BEGIN Dataset content
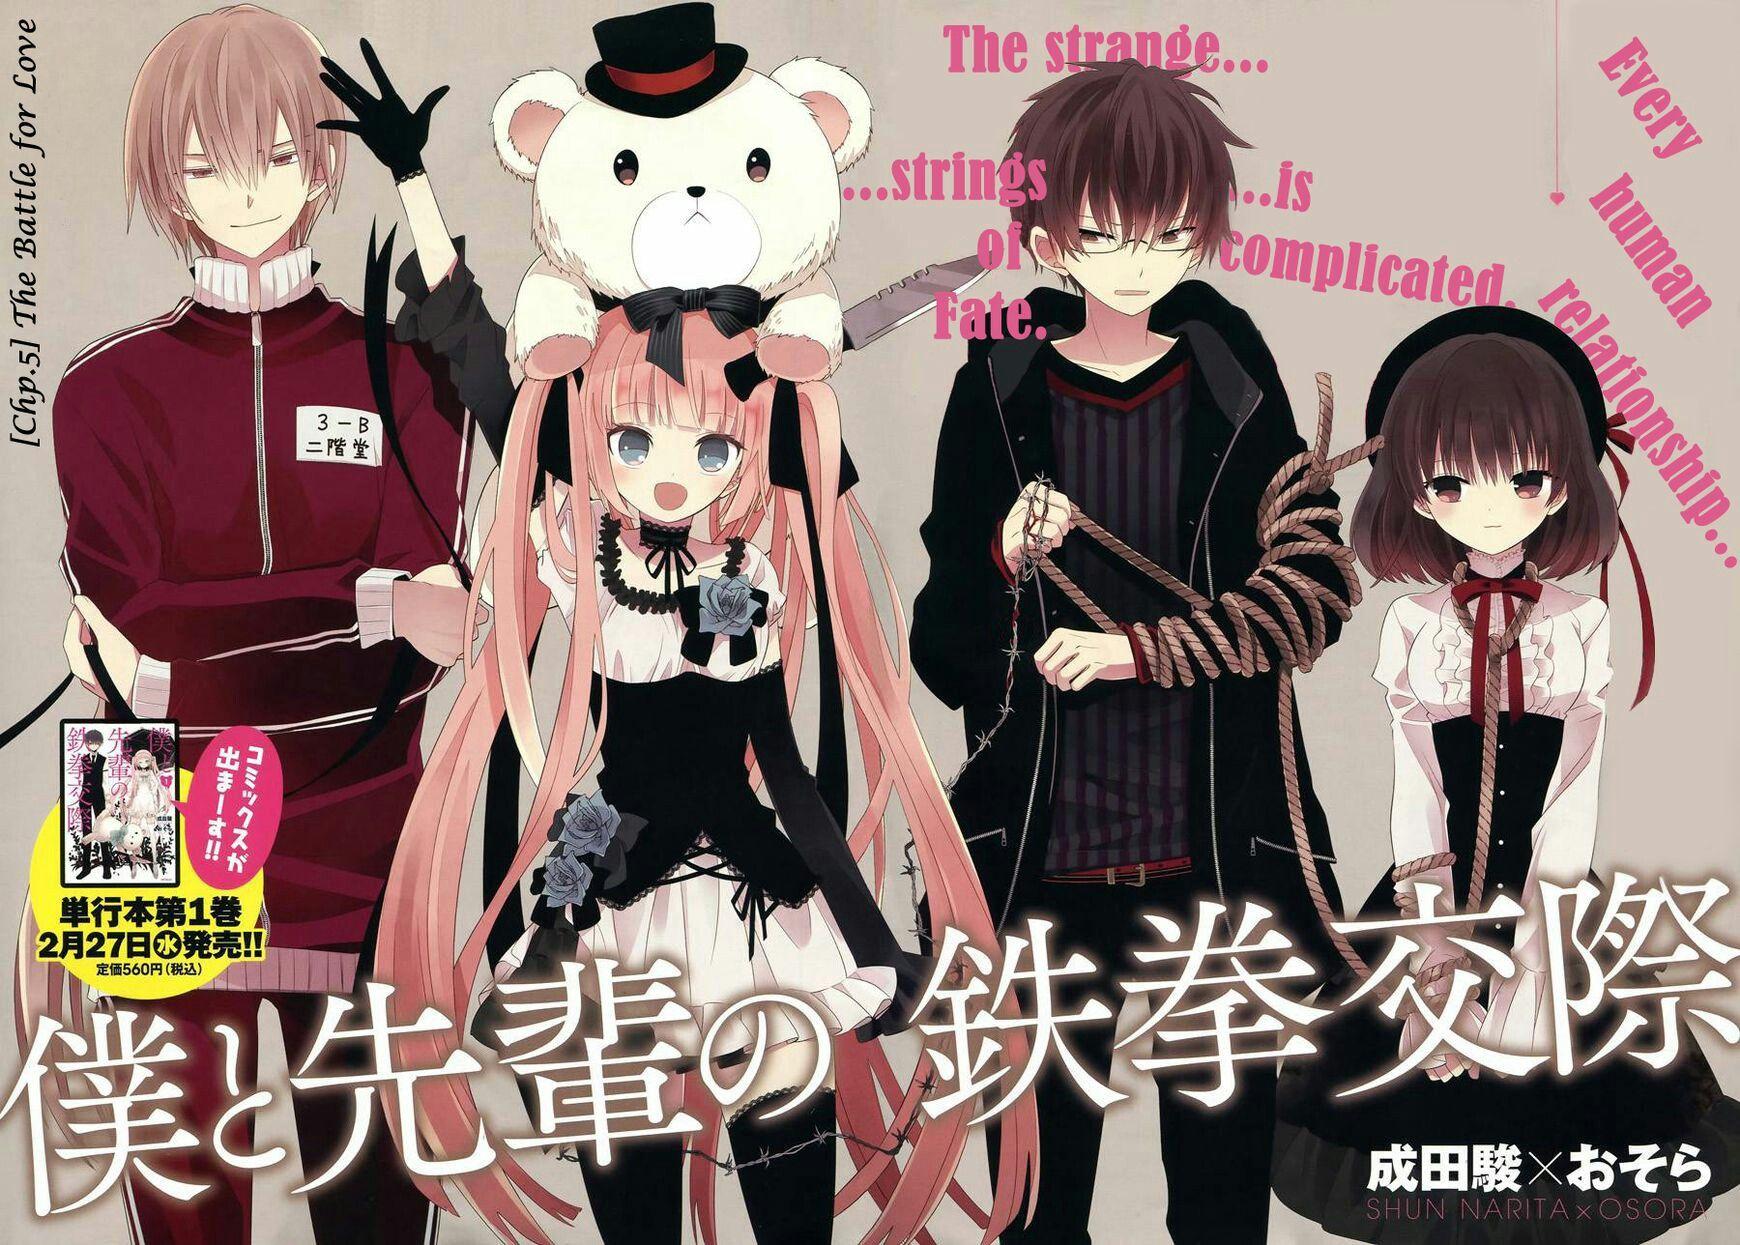 Anime Action Romance Gore Manga Comedy Psychology Boku To
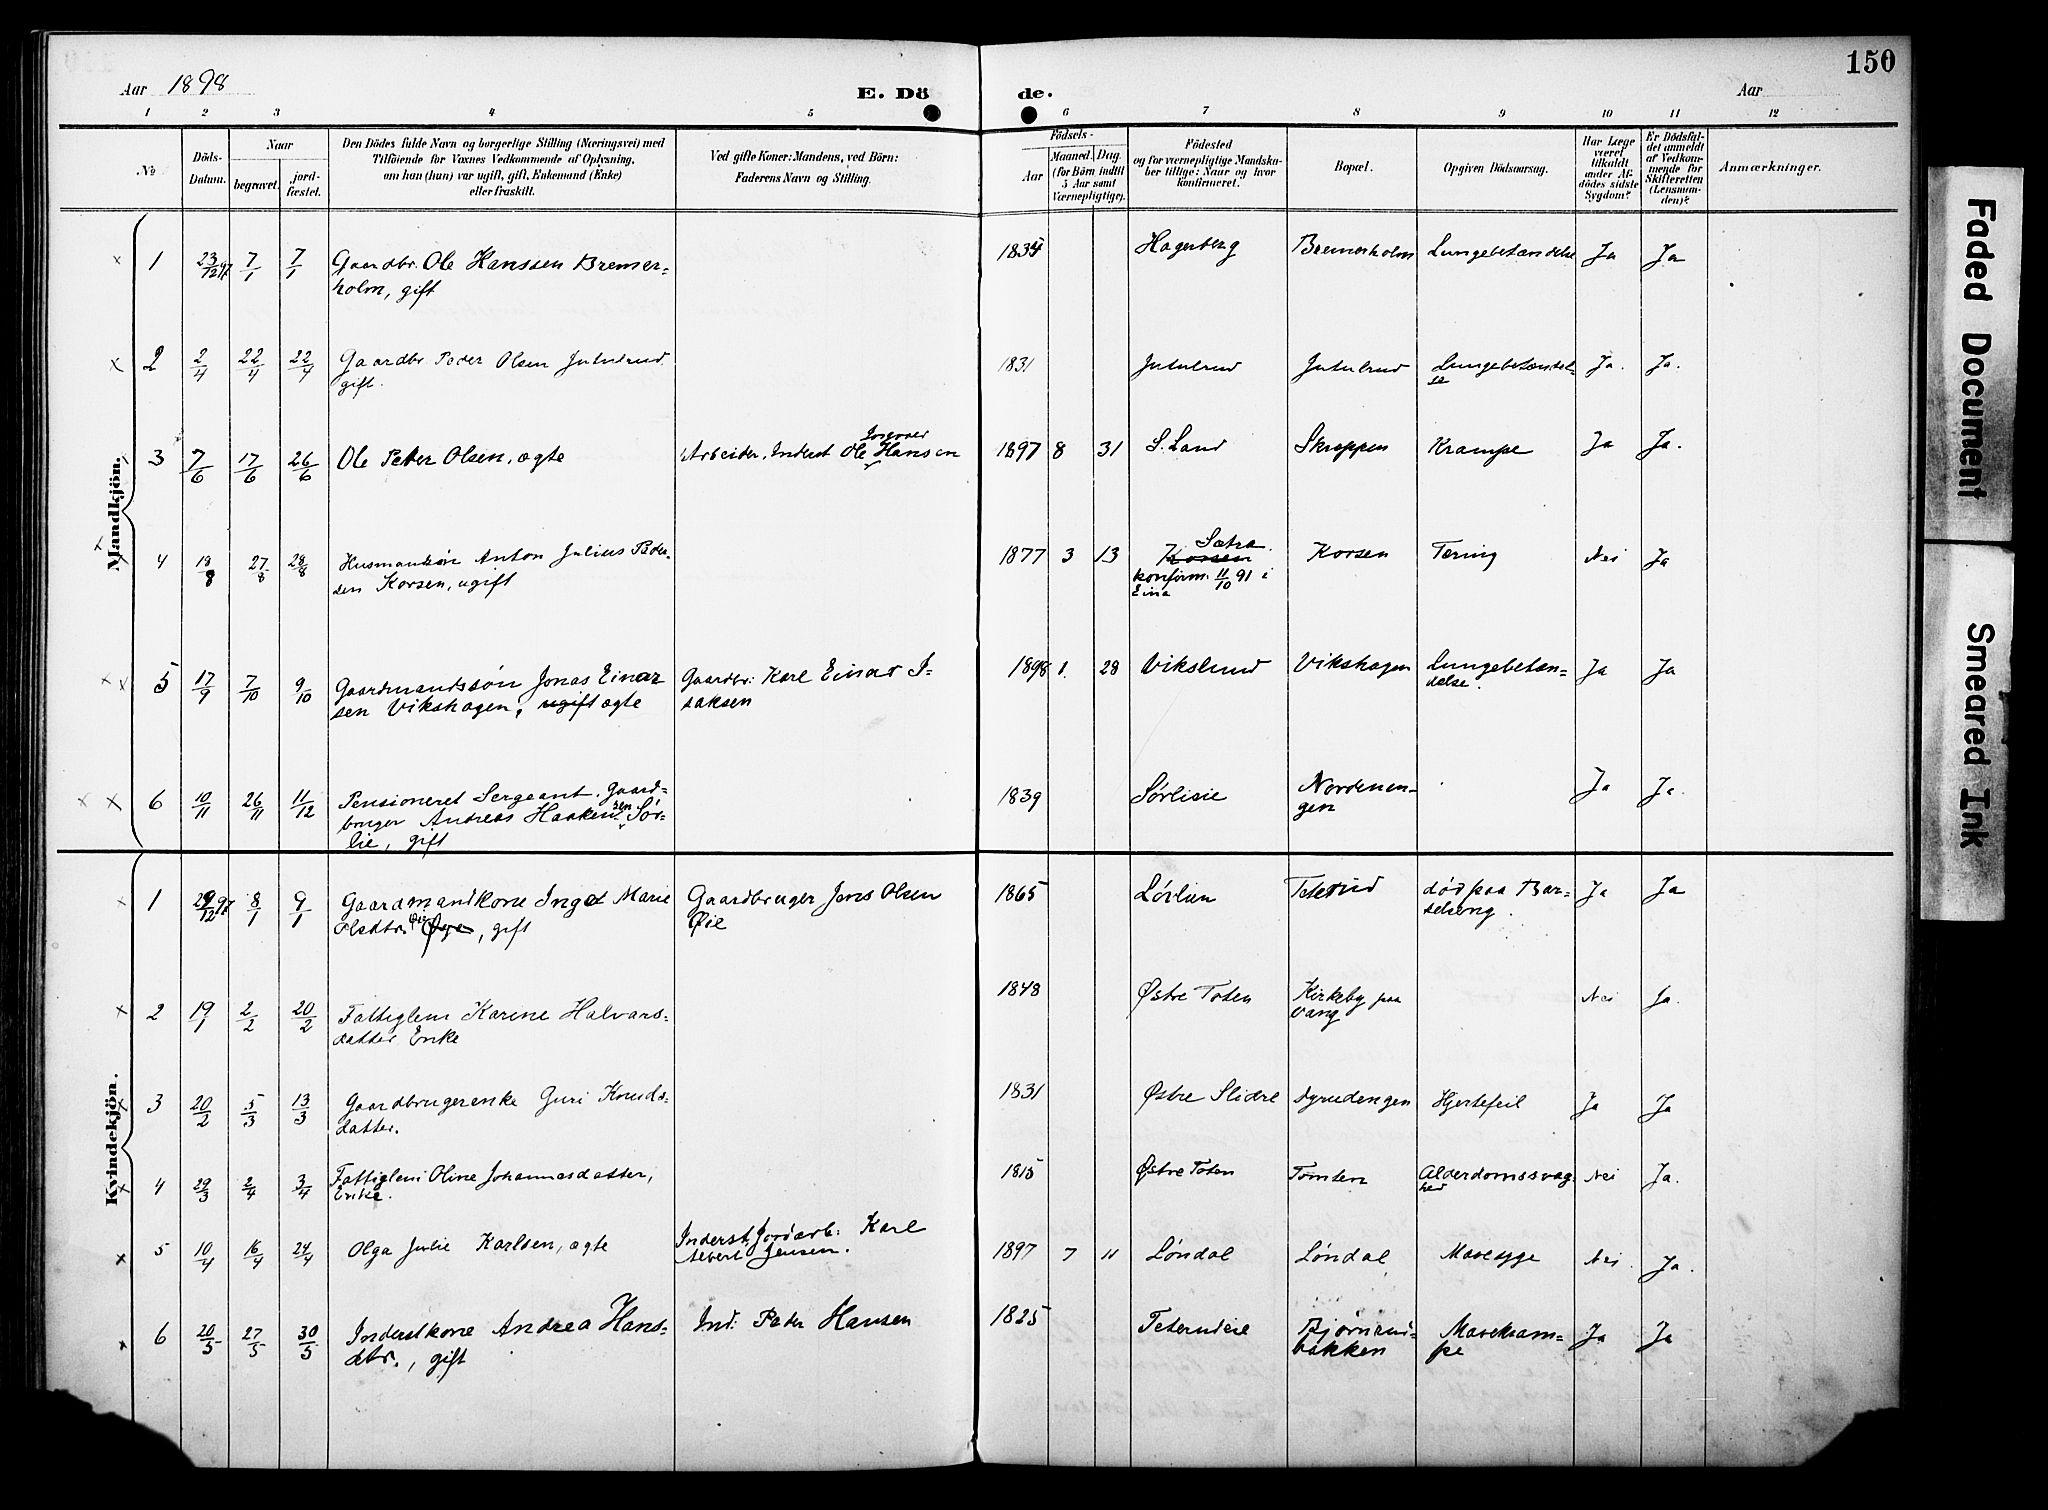 SAH, Vestre Toten prestekontor, H/Ha/Haa/L0012: Ministerialbok nr. 12, 1890-1906, s. 150
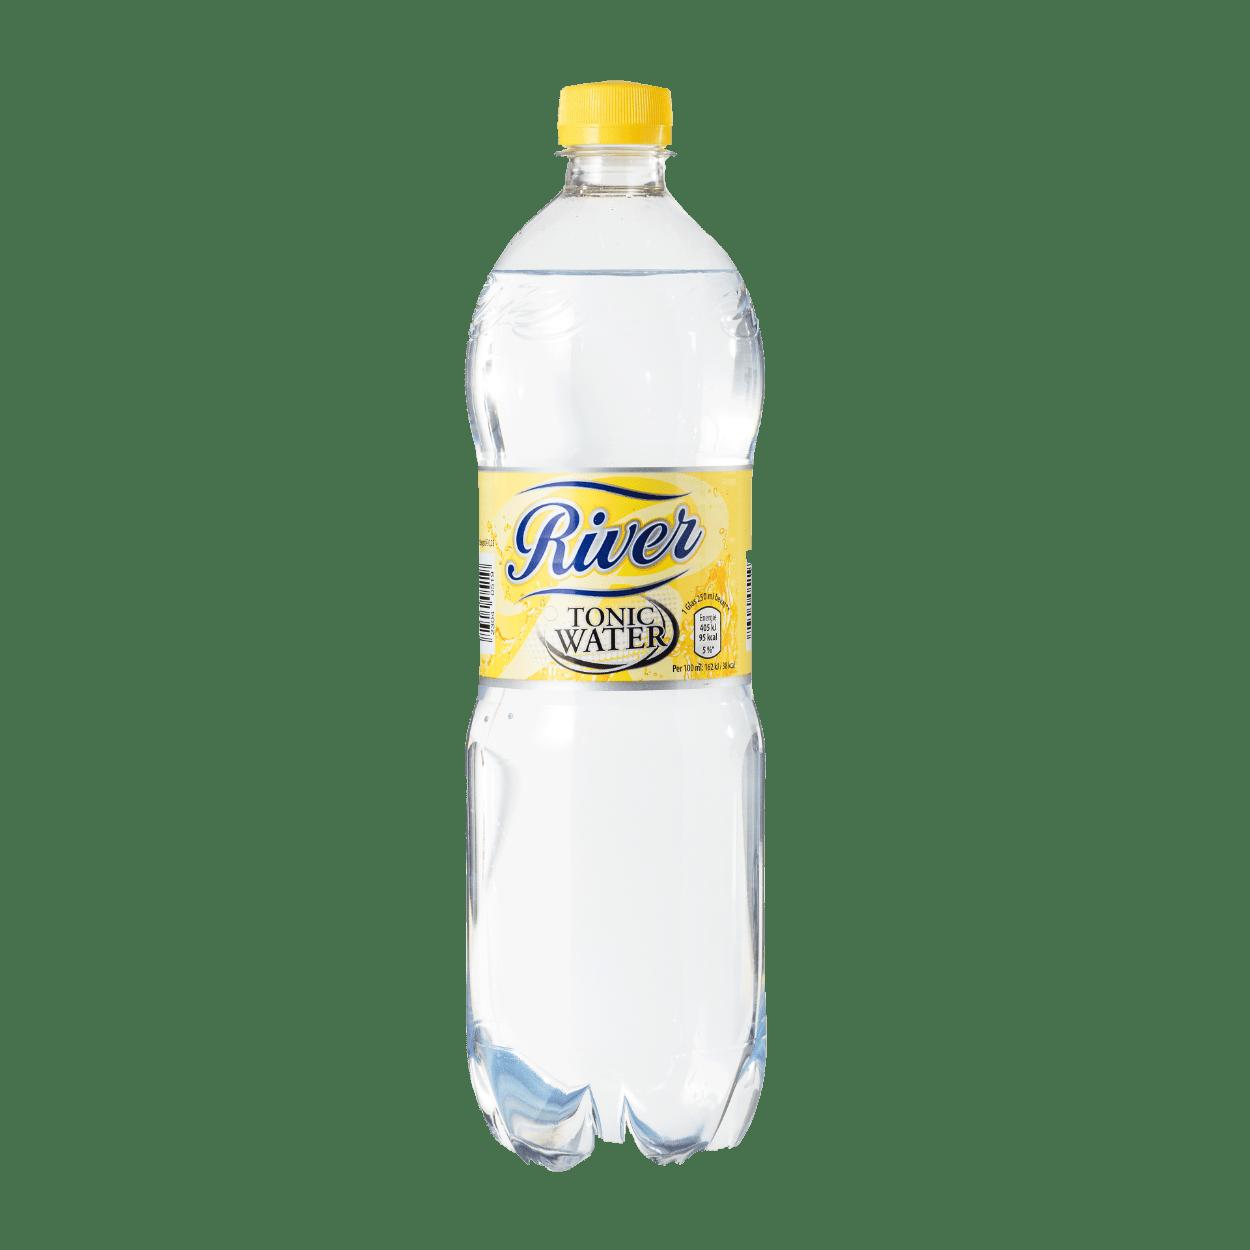 Lemontonic online dating
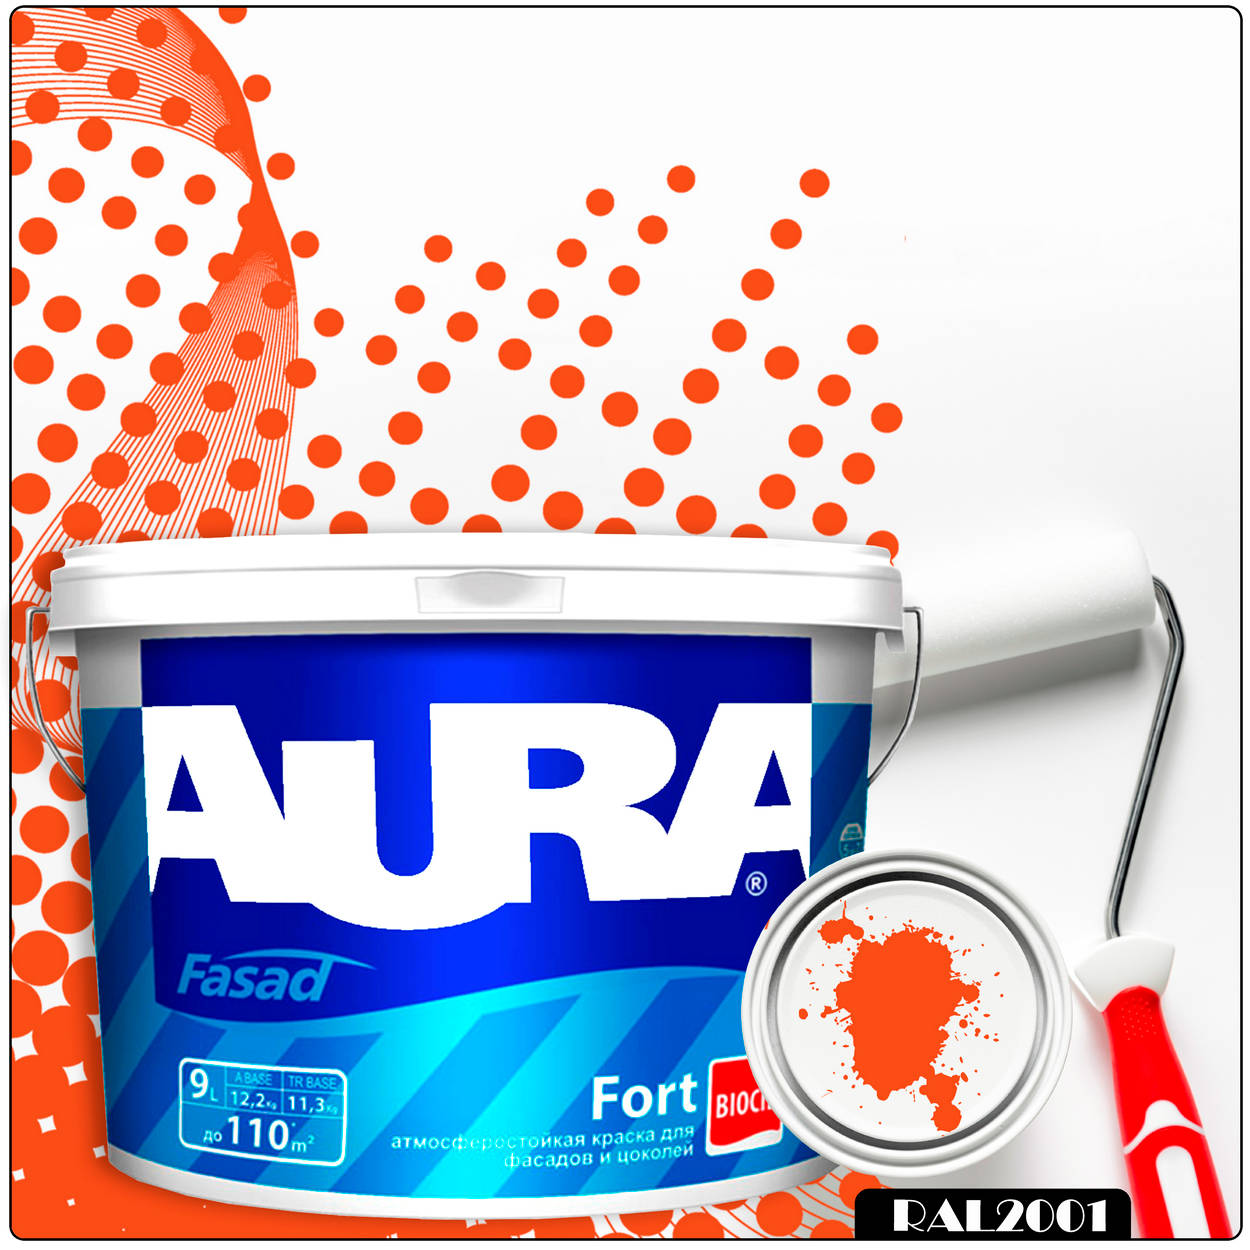 Фото 2 - Краска Aura Fasad Fort, RAL 2001 Красно-оранжевый, латексная, матовая, для фасада и цоколей, 9л, Аура.
END Dataset content
**Exercise objective:** A word-for-word copy of the listing is needed. It must not include the pictures.

**Reply:**
 Anime Action Romance Gore Manga Comedy Psychology Boku To
 SAH, Vestre Toten prestekontor, H/Ha/Haa/L0012: Ministerialbok nr. 12, 1890-1906, s. 150
 Lemontonic online dating
 Фото 2 - Краска Aura Fasad Fort, RAL 2001 Красно-оранжевый, латексная, матовая, для фасада и цоколей, 9л, Аура.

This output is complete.